The AI token is the new cell phone minute, Rafay Systems has found. And it will require its own billing infrastructure.
Extending its Kubernetes-based Platform-as-a-Service software, Rafay has launched a ‘Token Factory’ to provide AI service providers with an access control layer to bill for their services, handling metering, pricing, and quotas.
“Our job is to deliver said models in the easiest, most user-friendly way to consumers out there, and to track consumption,” said Haseeb Budhani, co-founder and CEO of workflow automation system provider Rafay Systems, in an interview.
The company is betting that the AI market will vastly expand beyond its present state of being led by a few giant AI frontier labs such as OpenAI and Anthropic. According to Research and Markets analyst firm, the market for GPUs-as-a-Service will hit $7.36 billion in 2026 and, by 2031, explode to $26.43 billion.
In its view, the company sees the Token Factory as a delivery plane for AI models, to be used by continually-running agents such as OpenClaw and NemoClaw. The provider exposes a set of AI services by way of API endpoints, which are metered by usage.
The Token Factory has been validated to work with OpenClaw and NVIDIA NemoClaw.
Expanding the AI Market
Rafay Systems offers an infrastructure management platform, one that packages Kubernetes deployments as a set of Platform-as-a-Service (PaaS) capabilities.
Rafay has enjoyed a surge in support for AI workloads, as more AI startups, and even IT incumbents, enter the market to serve various vertical and specialized domains.

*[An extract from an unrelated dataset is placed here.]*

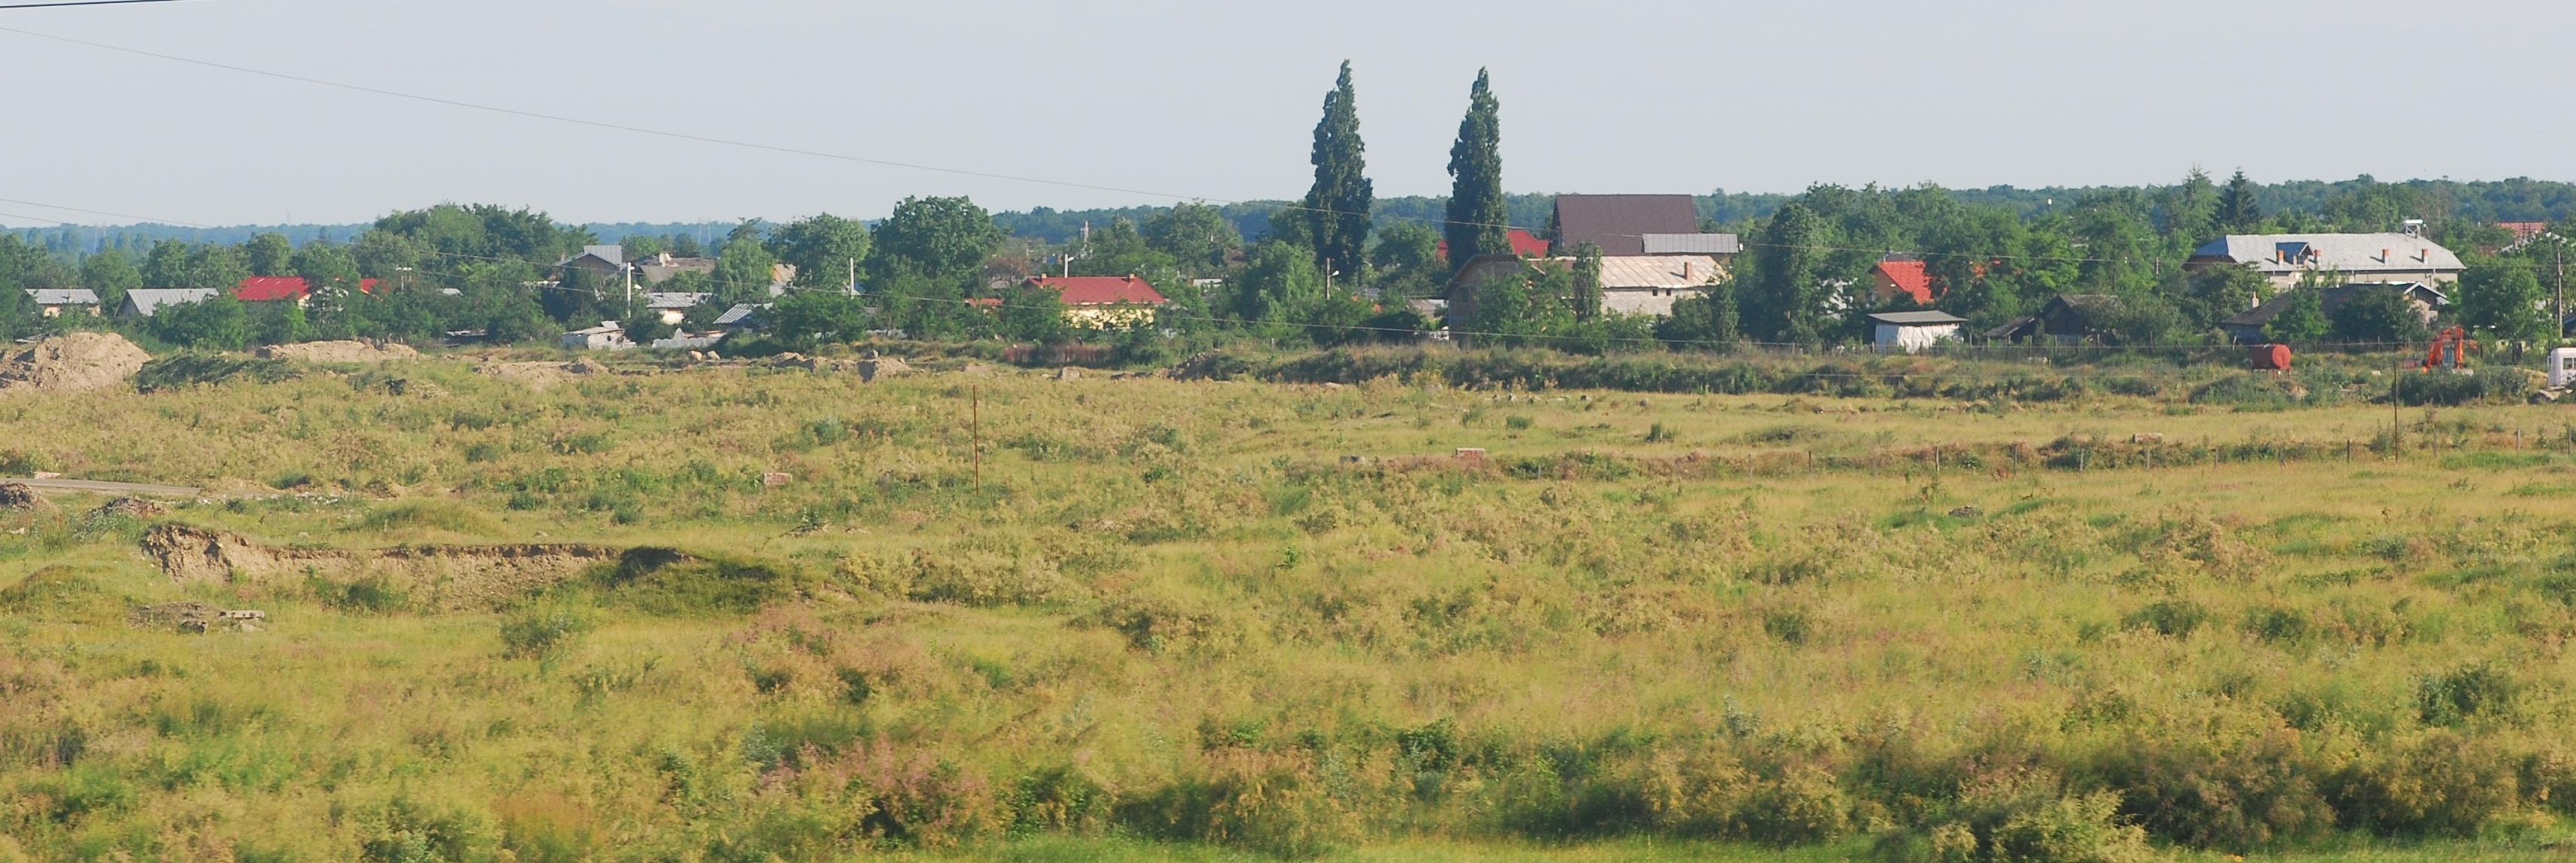 Comuna Berceni Prahova Wikipedia

In his talks with telecommunications companies, Budhani found they are very interested in boosting their user revenue by adding token-based AI services into the portfolio.
Recently, GPU service provider Argentum AI has based its operations on Rafay. Argentum, which manages thousands of GPUs, sells to the world’s largest AI operators, including hyperscalers, neoclouds and enterprise-scale resellers. Rafay will provide a single unified software orchestration layer that Argentum can use to provide customized compute environments to its customers.
“We are accelerating the time to market for all these AI use cases,” Budhani said. “We are all a little surprised, in a positive way, how many of these customers are out there.”
Billing Services
Rafay moved to provide a Token Factory to its PaaS platform after a meeting with NVIDIA. Unlike Kubernetes itself, company execs learned, the AI ecosystem is built on a direct consumption model. AI service providers need billing infrastructure.
For users of such AI services, “if you make it easy for them to use it, they’ll use it. If you make it hard for them to use it, they’re not going to use your infrastructure,” Budhani said. Entities such as OrbAI, and the open source Lago have already rushed to fill the void.
Rafay’s platform could already count hours of user usage of CPUs and virtual machines, so it was an easy jump for the company to add in token billing as well. “The token unit is a primitive that the platform understands,” Budhani said. “The token is the new cell phone minute.”
Rafay tracks token usage at the Kubernetes API or through the Envoy service mesh software, depending on the setup. On the provider side, it can connect with NVIDIA’s Dynamo inference orchestration software, or the vLLM inference engine, depending on what model the customer wants to use.
Bills can be directed either to individual users, to teams, or at the enterprise level. Token price is selected by the operator, and the bill is compiled by Rafay to be submitted to the operator’s back-end billing engine, be it Monetize360, Amdocs or some other engine.
Kubernetes Is Important but also Invisible
“Kubernetes is a good platform to build such a token factory,” Budhani said. AI services are largely container-based, built on a cloud-native microservices architecture. So it was natural that “Kubernetes became the standard in this market,” he said.
At the same time, however, most of Rafay’s current customers use a “serverless pod” SKU (stock-keeping unit), meaning they are relying on Kubernetes from a cloud provider, such as AWS’ Elastic Kubernetes Service (EKS), and not running Kubernetes themselves at all.